A Proxmox cluster does not magically provide shared storage. You still need a deliberate model:

shared storage for mobility and HA

or

local storage with clearly accepted operational limits

Quick inventory:

bash
pvesm status
cat /etc/pve/storage.cfg

If you use local storage only, say it clearly. Live migration, HA expectations, and recovery procedures will not look the same as on shared storage.

Example storage configuration snippet for an NFS target:

ini /etc/pve/storage.cfg
dir: local
  path /var/lib/vz
  content iso,vztmpl,backup

nfs: nfs-prod-01
  export /srv/pve
  path /mnt/pve/nfs-prod-01
  server 10.20.30.50
  content images,iso,backup,vztmpl
  options vers=4.1

Backups are part of the platform, not an afterthought

A cluster without an explicit backup and restore path is still a lab. Proxmox documents backup and restore separately because it is a first class operational concern, not an accessory.

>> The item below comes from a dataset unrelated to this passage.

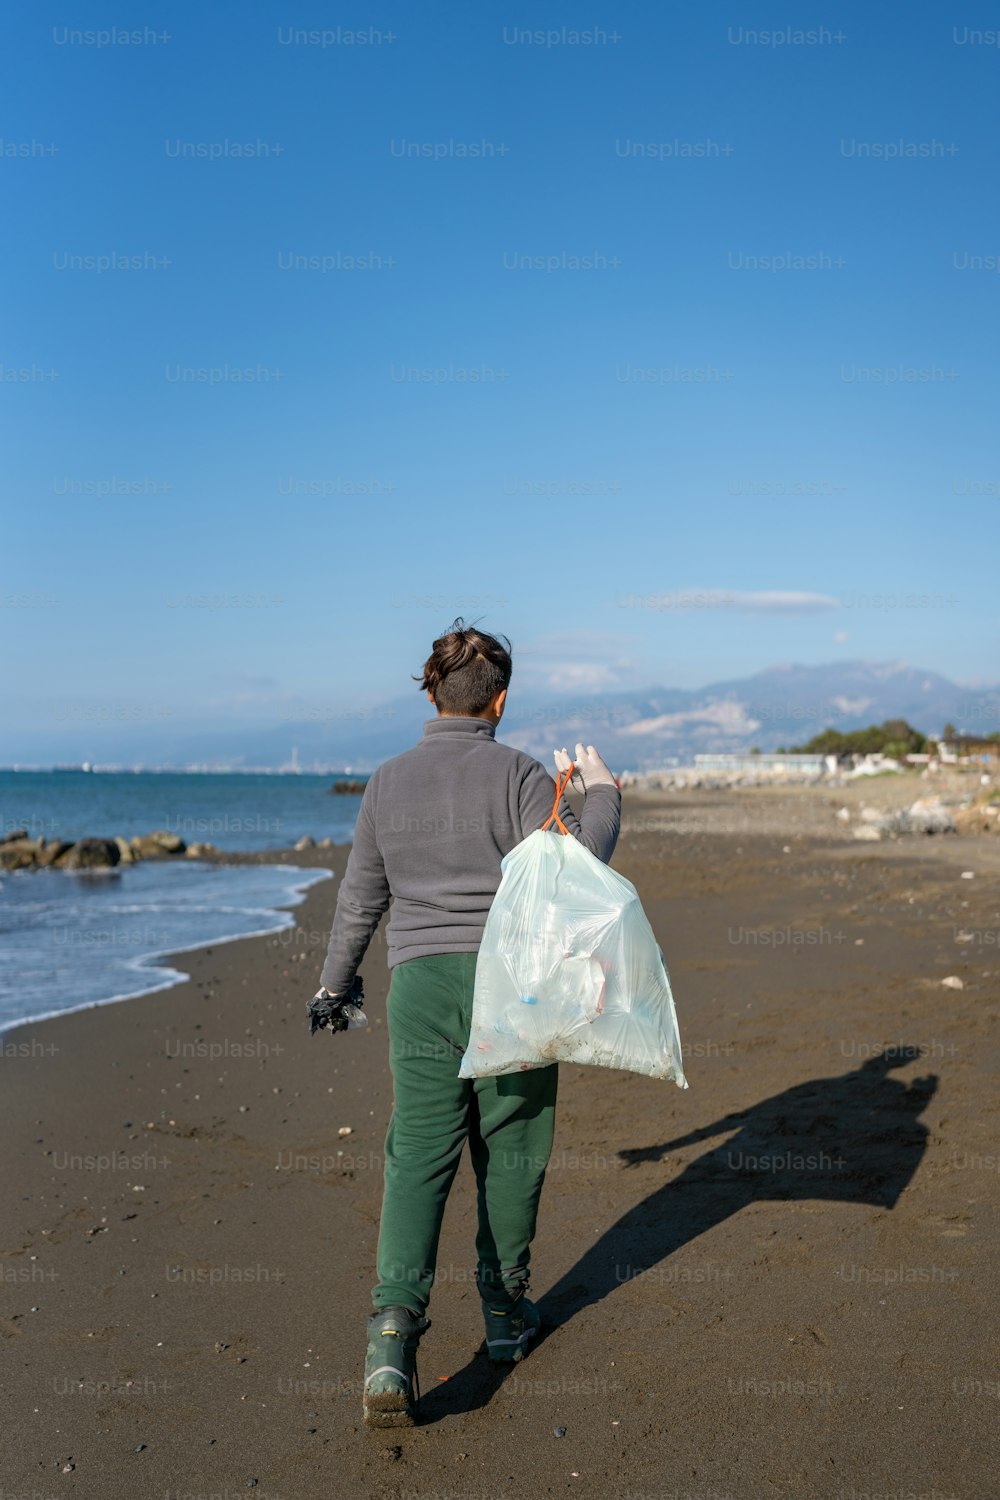 Una persona caminando en una playa con una bolsa de plástico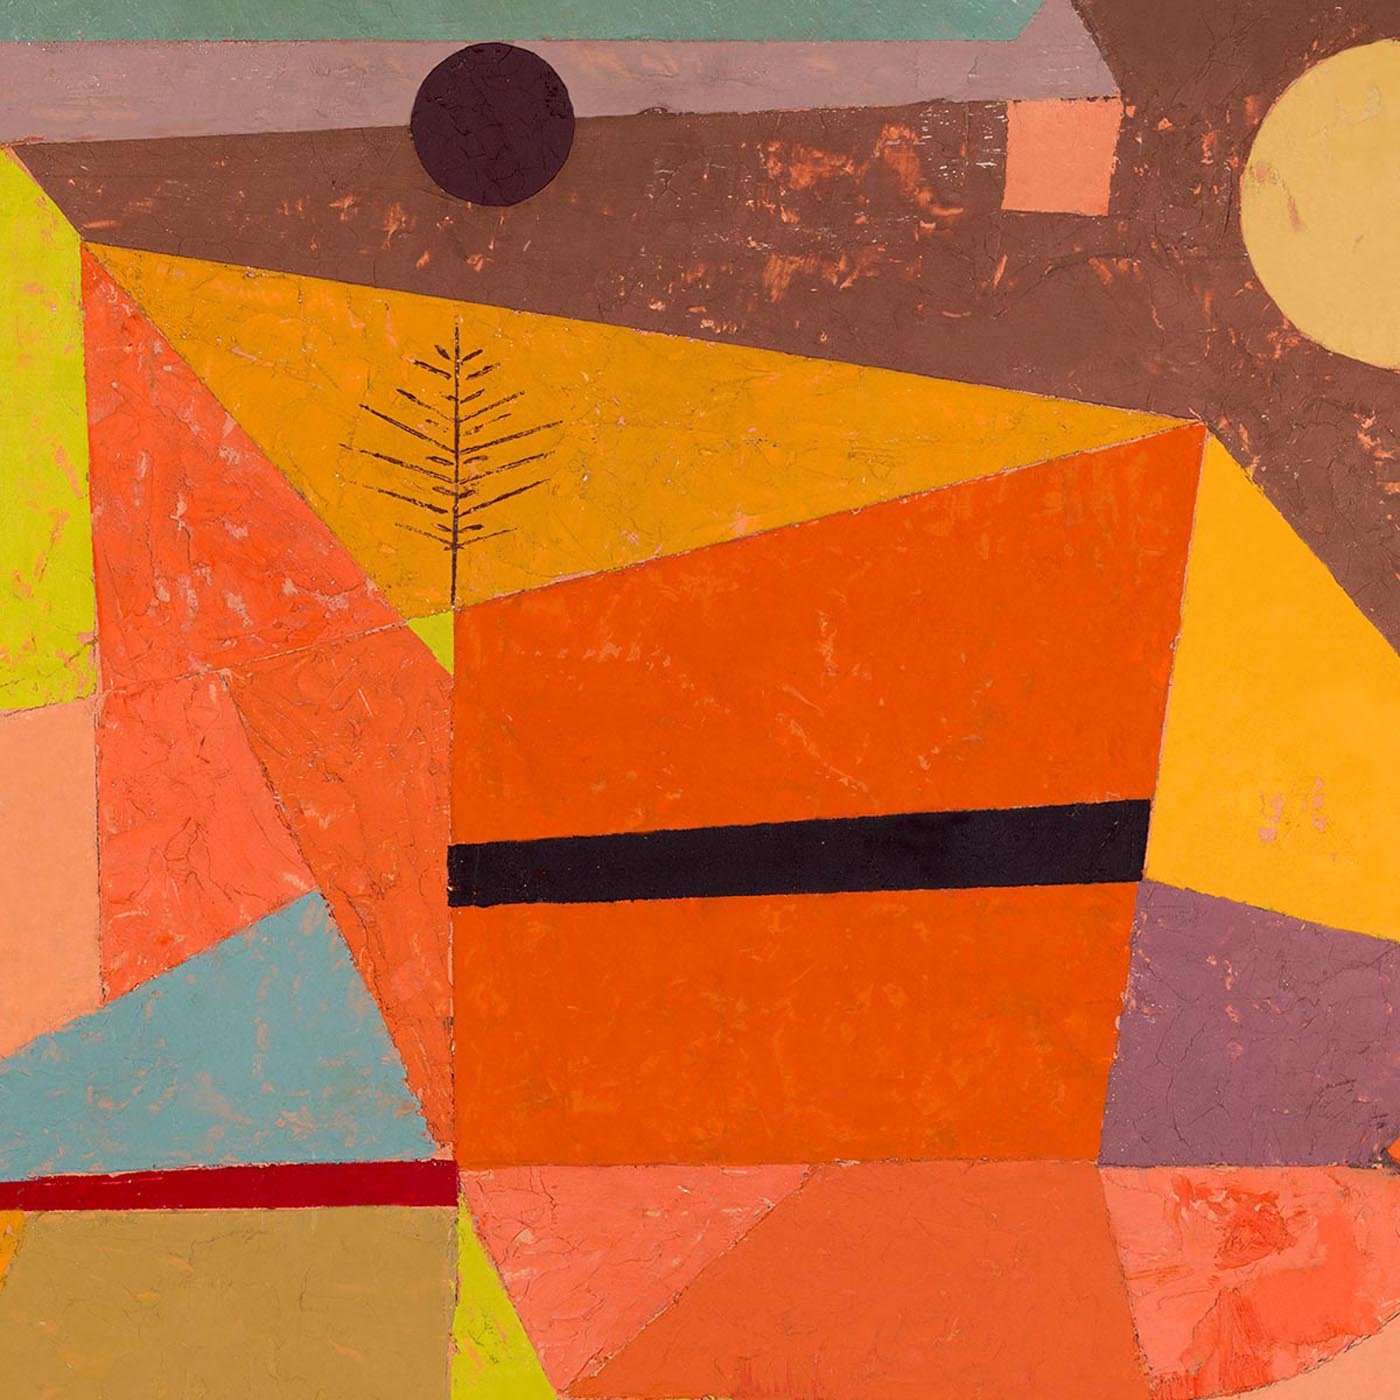 Paul Klee Joyful Mountain Art Exhibition Poster

Basic scheduled backup example:

bash
pvesh create /cluster/backup --storage pbs-prod-01 --mode snapshot --compress zstd --node pve01 --schedule 'mon..sat 23:00' --all 1

Validation is just as important as scheduling.

bash
pvesh get /cluster/backup
vzdump --dumpdir /tmp/vzdump-test --mode snapshot 101
qmrestore /tmp/vzdump-test/vzdump-qemu-101-*.vma.zst 901 --storage nfs-prod-01 --unique 1

If restore has never been tested, backup is still an assumption.

HA is not a checkbox

Do not present a cluster as highly available only because the HA panel exists. HA requires a consistent quorum model, storage decisions that support restart or relocation, and service dependency awareness. The Proxmox documentation separates HA, storage replication, and cluster design for a reason.

Useful checks before enabling HA on a VM:

bash
ha-manager status
pvesh get /cluster/resources --type vm
pvecm status
pvesm status

Failure patterns that appear quickly in real environments

Two node clusters presented as production

Two nodes can work for specific constrained use cases, but quorum and failure handling need extra thought. Many teams build a two node cluster then act surprised when maintenance becomes awkward.

Storage capability assumed from cluster membership

Cluster membership does not turn local disks into shared storage.

One noisy network for everything

If management, cluster communication, replication, and guest traffic all share one path, diagnosis under stress becomes harder than it needs to be.

Backup target reachable but restore never tested

This is one of the most common false positives in virtualization operations.

Overusing local storage with migration expectations

Local storage is not wrong. It is wrong only when the operational model pretends it behaves like shared storage.

Validation runbook before calling it production

bash
pveversion -v
pvecm status
pvecm nodes
corosync-cfgtool -s
pvesm status
ha-manager status
pvesh get /nodes
pvesh get /cluster/resources
pvesh get /cluster/backup
journalctl -u corosync --no-pager -n 100
journalctl -u pvedaemon --no-pager -n 100

Then test the things that operators usually skip.

Live migration or expected equivalent behavior.

A controlled node reboot.

A restore into a non production VM ID.

A backup window with normal traffic still present.

Design rules worth keeping

Three nodes is the sensible baseline when quorum matters.

Storage model must be explicit before service expectations are discussed.

Backups and restore testing belong in the platform build phase.

Network separation is not mandatory everywhere, but ambiguity is expensive.

If the platform is really a lab, call it a lab. That makes the design honest and the expectations manageable.